Lipid Analysis as a Method of Differentiating Bacteria from Archaea
Prokaryotes have recently been subdivided into two Domains, Bacteria and Archaea, distinguishing them from the third domain, Eukarya. Since both types of prokaryotes are characterized by a single cell existence and a lack of nucleus, unidentified isolates may be difficult to differentiate. In an attempt to establish methodology for distinguishing Bacteria versus Archaea from unknown Great Salt Lake (GSL) isolates, we developed a protocol adapting the Bligh-Dyer lipid analysis procedure. A control Archaea strain, Halobacterium NRC-1, gave a negative result as predicted, while a control Bacteria strain, Salmonella typhi., gave a positive result as predicted. Data from GSL isolates will be presented.

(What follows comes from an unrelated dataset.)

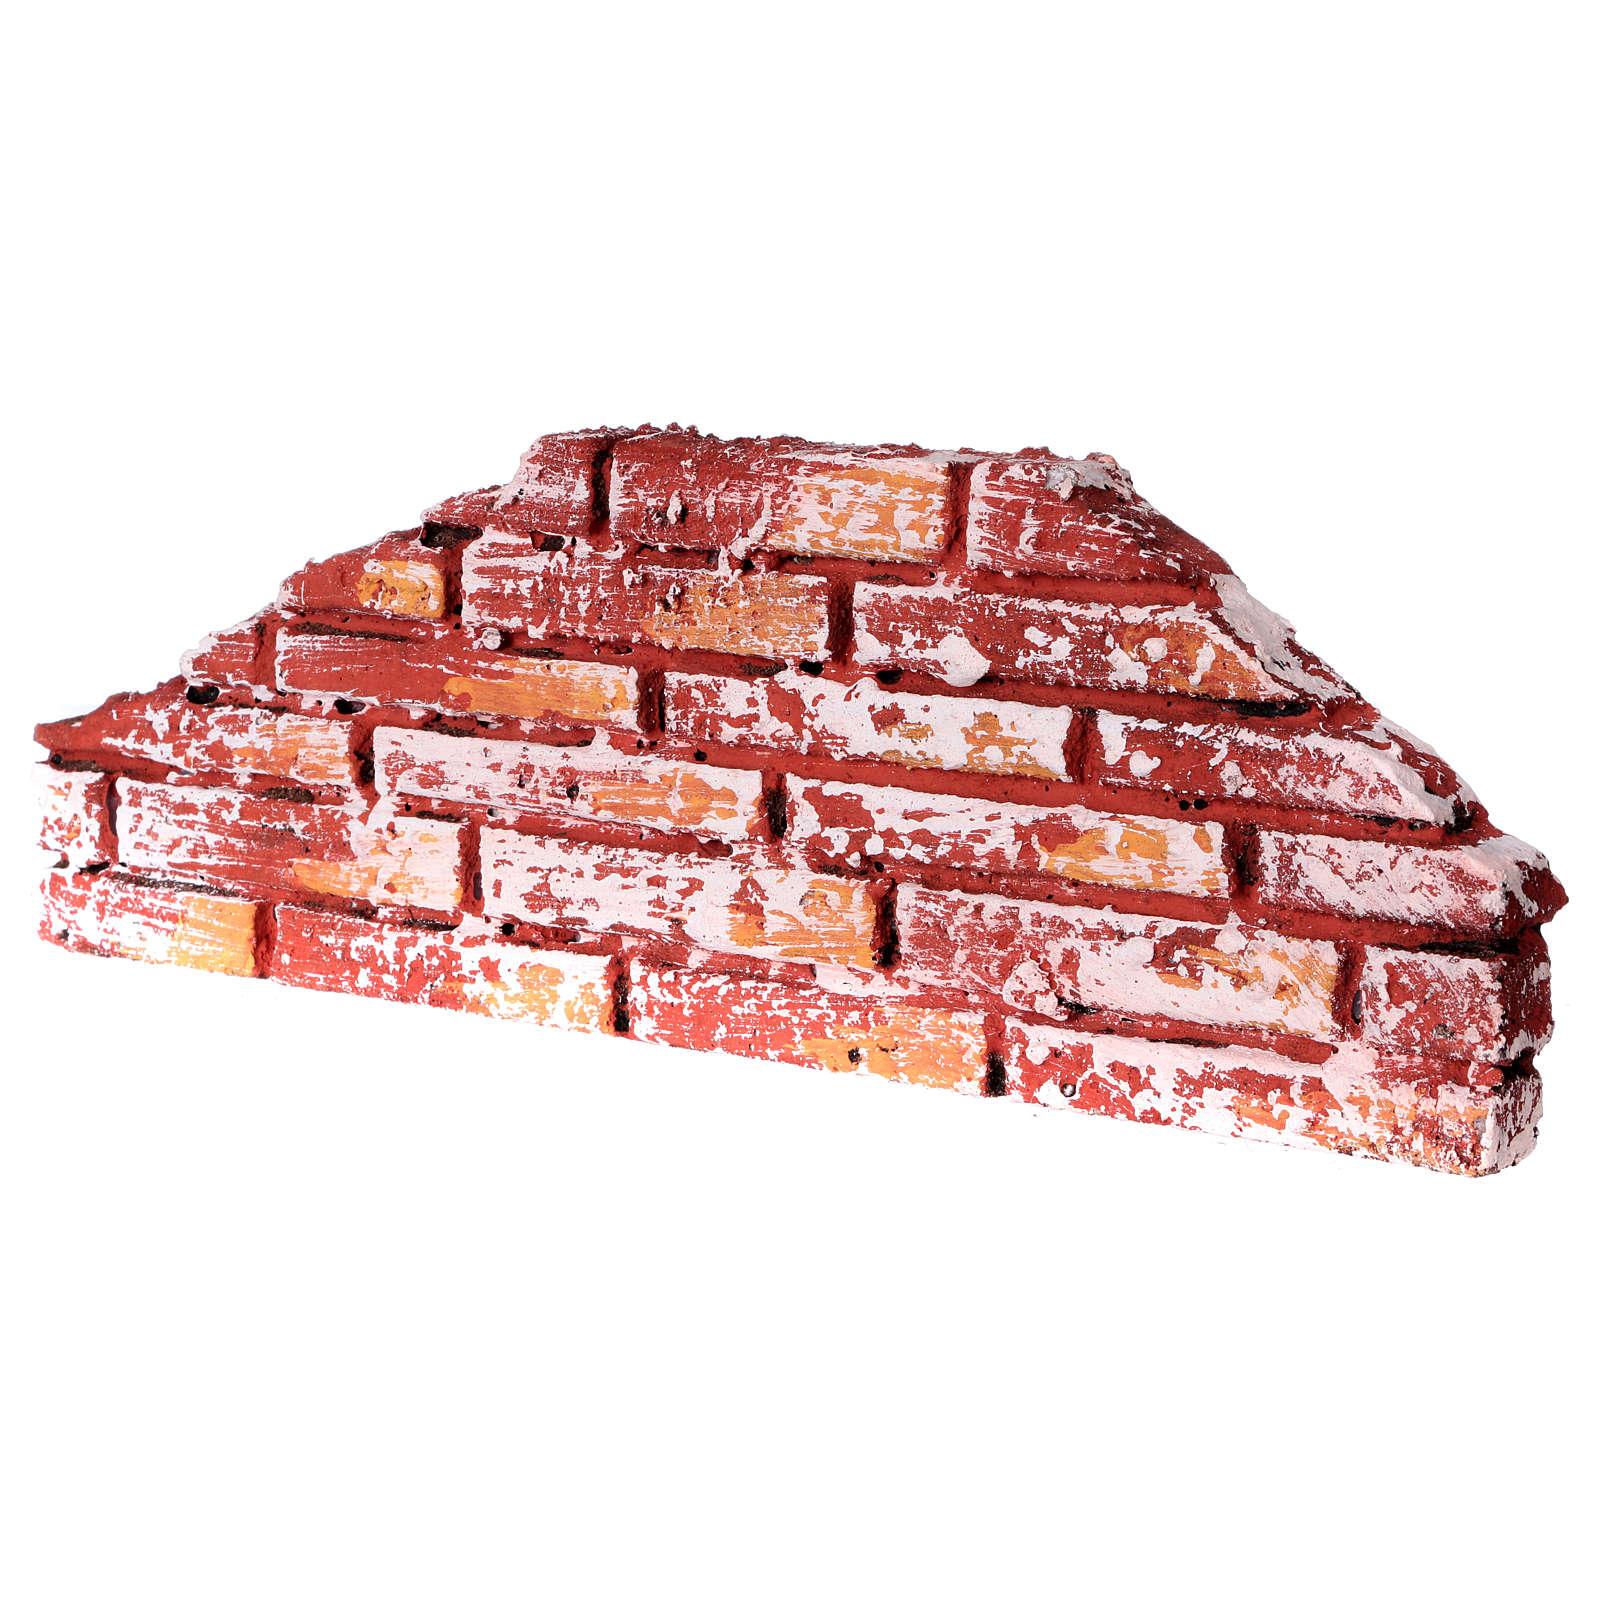 Mauerbrüstung, rustikal, aus Polystyrol, farbig gefasst, 10x25x2 cm 4

The Effects of Curcumin on C. elegans <i> sel-12 Mutants
Alzheimer’s disease is a progressive neurological disorder which gradually destroys a person’s memory and ability to learn, make judgments, communicate and carry out daily activities. Curcumin is a spice that has been documented to help relieve symptoms of Alzheimer’s with its anti-inflammatory and antioxidant activities. In this study, C. elegans were used as a model organism to study the effects of curcumin on Alzheimer’s. Mutant sel-12 C. elegans served as a model of Alzheimer’s disease in this study, as they have a mutated protein homologue that has been implicated in Alzheimer’s in humans. Since egg laying and thrashing in sel-12 worms is abnormal, those parameters served as a marker for assessing the effects of curcumin on the symptoms of the sel-12 mutation. Preliminary data suggests that curcumin had no effect on the sel-12 mutants.
Antibody Staining-Assay for Detection
Artemia franciscana, the brine shrimp from the Great Salt Lake, is a potentially interesting organism in which to study development and neurobiology. Much of the information that is known about how genes control the development arthropods has come from studies of the fruit fly Drosophila melanogaster. In order to develop Artemia as a model, we are attempting to use Drosophilia antibodies across species to stain Artemia to identify developmentally important genes. A standard protocol is not available for antibody staining of developing Artemia and a large amount of our time has been devoted to working out an effective protocol. Our results will be discussed.